UC Irvine

Nicotinic acetylcholine receptor (nAChR) activation has been shown to improve sensory-cognitive function. In the auditory system, nicotine (an agonist of nAChRs) enhances the brain’s response to attended, relevant stimuli while reducing the response to distracters. Activation of nAChRs has a similar ability to improve stimulus detection in other sensory systems and while it is a remarkable and consistent finding, there is a lack of comprehensive studies on the neural activity behind this phenomenon. Using the mouse auditory system as a model, here we test the role of nAChRs in auditory processing, specifically spectral processing, and the underlying cortical circuitry driving nicotine’s effects.

In Chapter 1, we used a tone-in-notched-noise stimulus to examine how nicotine influences the ability to filter incoming frequency information. Current-source density recordings in the primary auditory cortex of the anesthetized mouse revealed that systemic nicotine effectively narrows receptive fields, increases response gain in the center of the receptive field, and enhances responses to the tone. Subsequent manipulations demonstrated that modulation of cortical receptive fields and tone-evoked responses occurred at multiple levels in the ascending auditory pathway. These actions at nAChRs in cortical and subcortical circuits, which mimic effects of auditory attention, likely contribute to the nicotinic enhancement of sensory and cognitive processing.

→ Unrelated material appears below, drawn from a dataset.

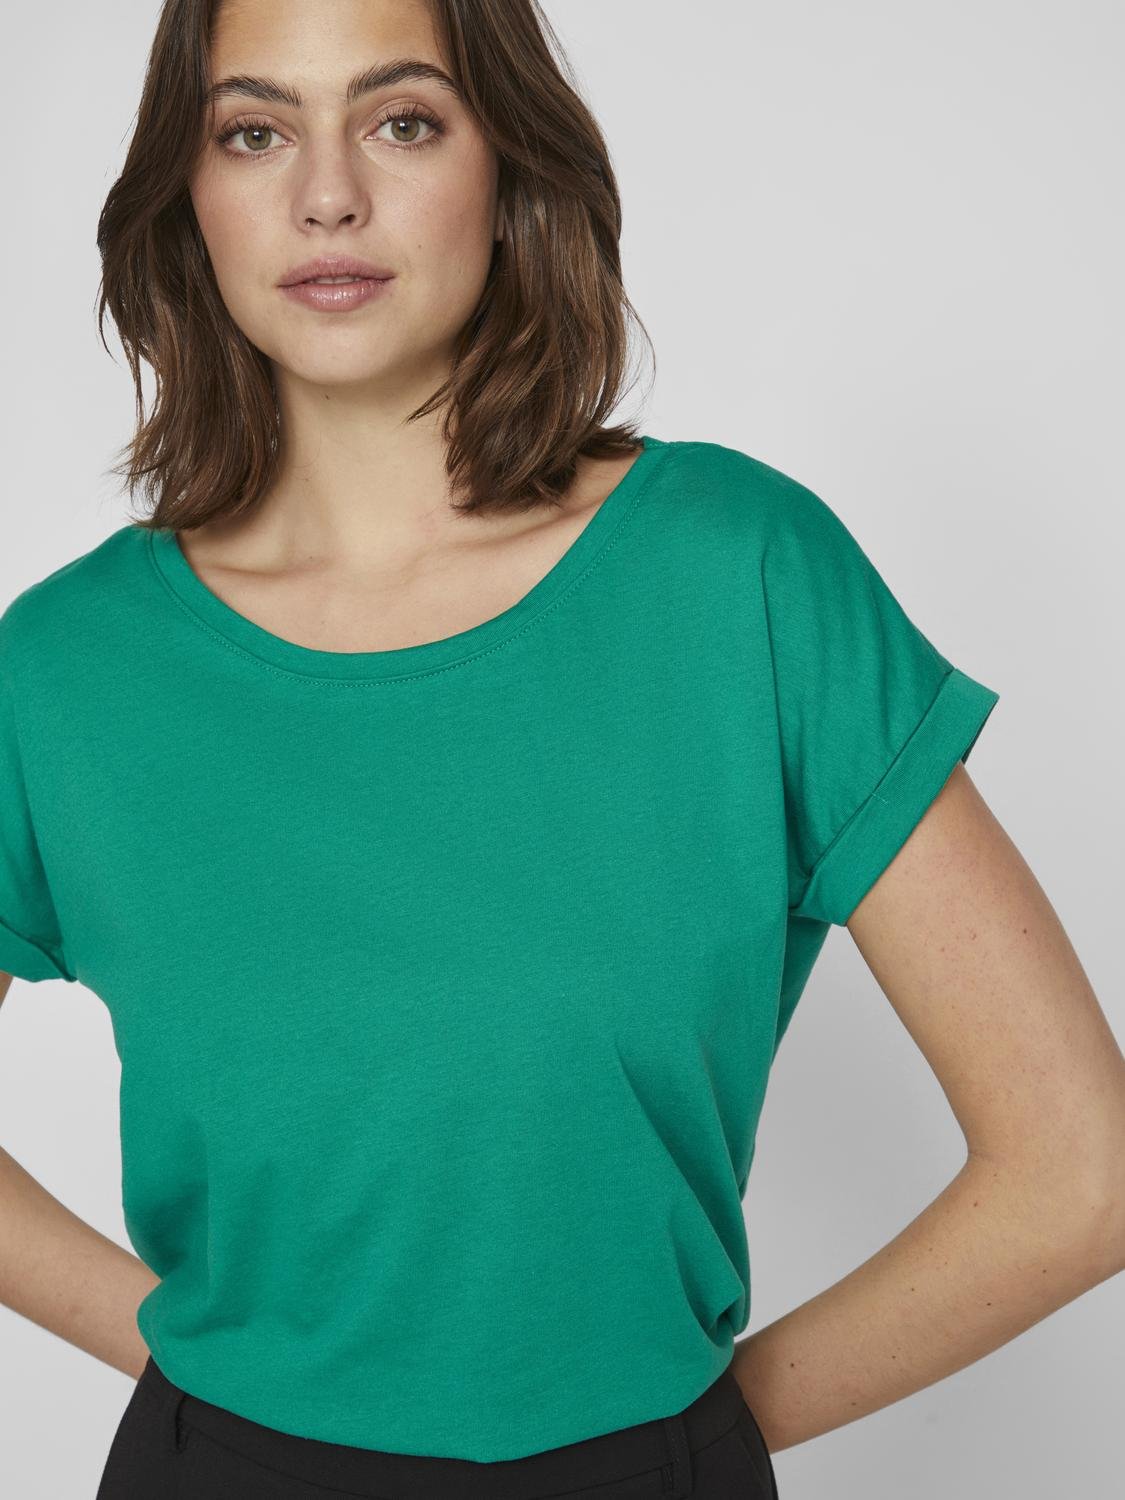 VIDREAMERS T-Shirt - Ultramarine Green

In Chapter 2, we performed whole-cell recordings in the auditory cortex of mouse brain slices to investigate the role of discrete cell types. Bath application of nicotine selectively depolarized pyramidal (Pyr) and vasoactive intestinal peptide (VIP)- containing neurons and enhanced spontaneous inhibitory post-synaptic currents (sIPSC) in Pyr, VIP, and SOM cells. We found that VIP cell activation is responsible for both the nicotinic depolarization and sIPSC enhancement observed in Pyr neurons, implicating a disinhibitory neural circuit in the nicotinic modulation of cortex. This disinhibition likely renders Pyr cells more excitable and responsive to incoming stimuli, thus providing a probable mechanism for nicotine’s beneficial effects on cortical processing and function.

Together with the findings in Chapter 1, these results further reveal the neural basis of nicotine’s effects and substantiate efforts to use nicotine as a therapeutic for those with cognitive or sensory processing disorders.